Billionaire investor Dan Loeb's Third Point says it's 'difficult to call a bottom' in tech stocks and the fund is investing in shares of oil and gas firms to hedge inflation
Daniel Loeb, founder of Third Point.REUTERS/Steve Marcus
  • It's difficult to call a bottom in the tech sector, said Dan Loeb in his fund's first quarter investment letter.
  • Third Point took on a more defensive posture in the quarter and found "interesting opportunities" in energy and cyclical sectors.

Third Point, the hedge fund run by billionaire investor Daniel Loeb, sees more downside in technology stocks even after the sector's steep decline into bear market this year.

The tech-rich Nasdaq Composite was under more pressure on Monday following its fifth consecutive weekly decline.

"Even after dramatic declines, it is difficult to call a bottom in the high-growth, high-valuation end of the tech sector, especially given that many of these companies relied on stock-based compensation and controversial accounting and reporting techniques," wrote the Third Point founder and chief executive in the hedge fund's first-quarter investment letter dated May 6.

"It appears that many of the companies which used this type of compensation to attract employees may have retention difficulties, leading to increased dilution for future stock grants or increased cash wages, which could weigh on margins for analysts who rely on adjusted measures rather than old-fashioned GAAP," or generally accepted accounting principles, he wrote.

The Nasdaq Composite has plummeted into a bear market, down 22% so far this year as climbing interest rates threaten to cut into the value of future profits for tech companies. The march higher in Treasury yields reflects anticipation for the Federal Reserve to issue large and swift interest rate hikes it tries to tamp down on hot inflation. The 10-year Treasury yield on Monday rose to 3.14%, pushing further into the highest rates since late 2018.


Loeb said the hedge fund adopted a "significantly more defensive posture" in the portfolio during the first quarter and in April, saying it's concerned about valuations in the current interest rate environment, geopolitical uncertainty, and emerging weakness in important global economies.

It said it's been buying energy shares, a sector whose nearly 50% jump in 2022 has trounced the performance of the broader equity market.

It's found "interesting opportunities" in energy and other cyclical shares, starting with its investment in oil major Shell PLC last fall, and its newer stake in copper and nickel miner Glencore. It increased its position in Shell in the first quarter. Third Point initiated positions in oil and natural gas and materials companies in the first quarter as it expects them to benefit from inflation, supply shortages, and the adoption of electric vehicles and other renewable sources of energy.

Energy and materials commodities will be in short supply relative to demand as a result of "ill-conceived energy policies" in most developed countries, including the US, said Loeb.

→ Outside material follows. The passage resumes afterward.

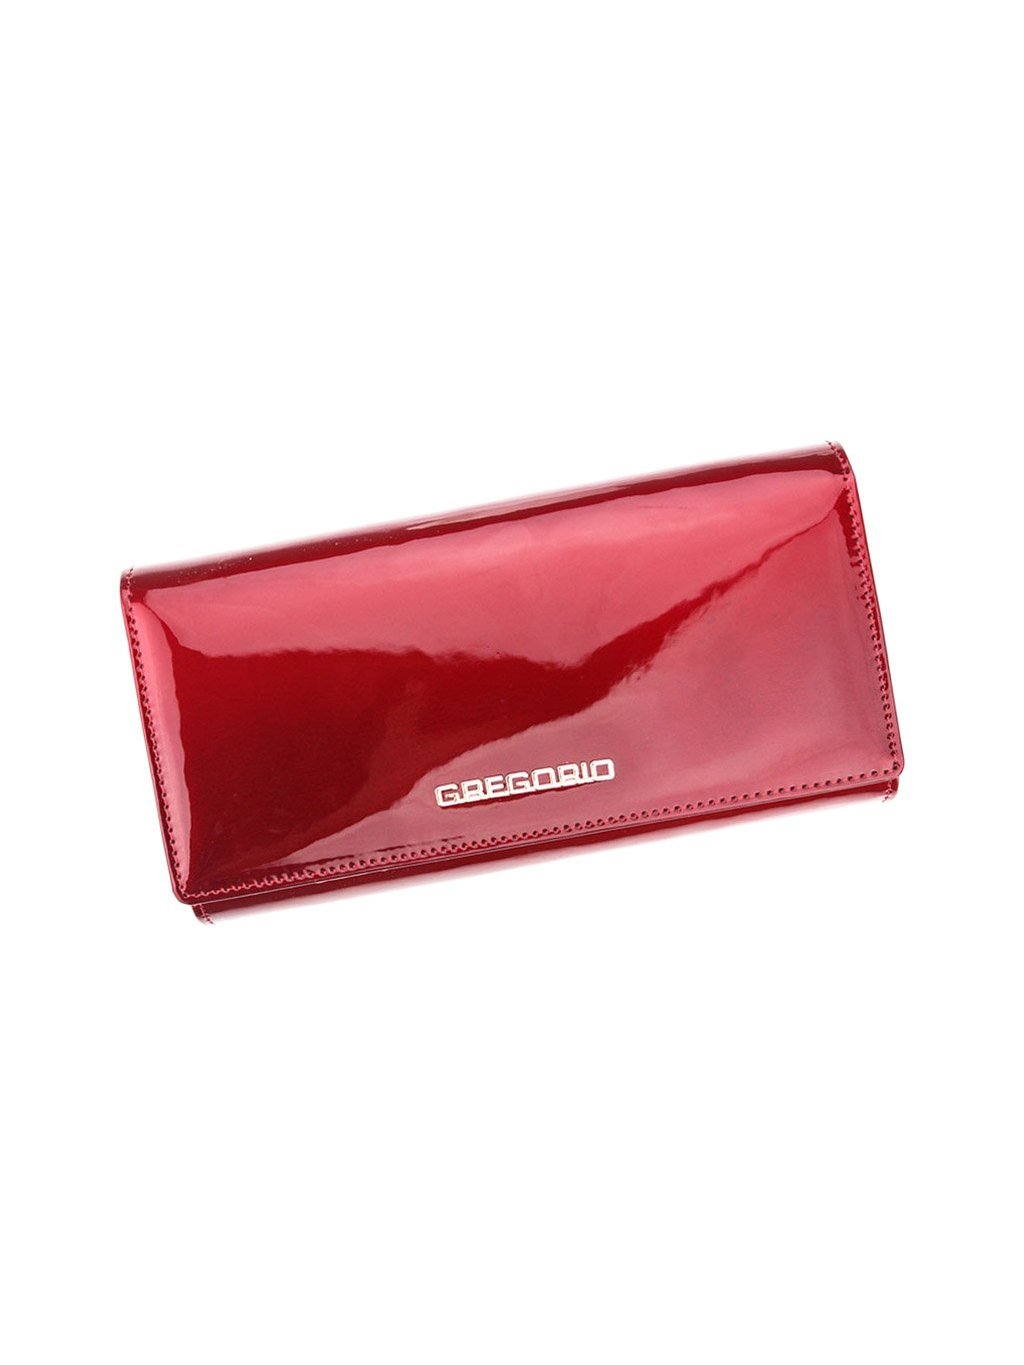 Dámská kožená peněženka Gregorio SH-106 červená

"The negative effects of these bungled policies were compounded by well-intentioned but disastrous ESG initiatives that together resulted in a dearth of new investments in the sector. These companies will largely return their cashflow to shareholders via debt paydowns, share repurchases, and cash dividends."


The S&P 500 energy sector this year has sharply outperformed the 10 other groups tracked on the S&P 500 and the index itself. It's gained 49% through early May, followed by a 0.7% gain for utilities, the only other sector that's advanced. The S&P 500 index has fallen into correction territory with a 13% decline.

Third Point's flagship Offshore Fund dropped 11.5% in the first quarter compared with the S&P 500's decline of 4.6%. In April, it lost about 1% compared with the 8% fall in the S&P 500 and the 13% drop in the Nasdaq, it said.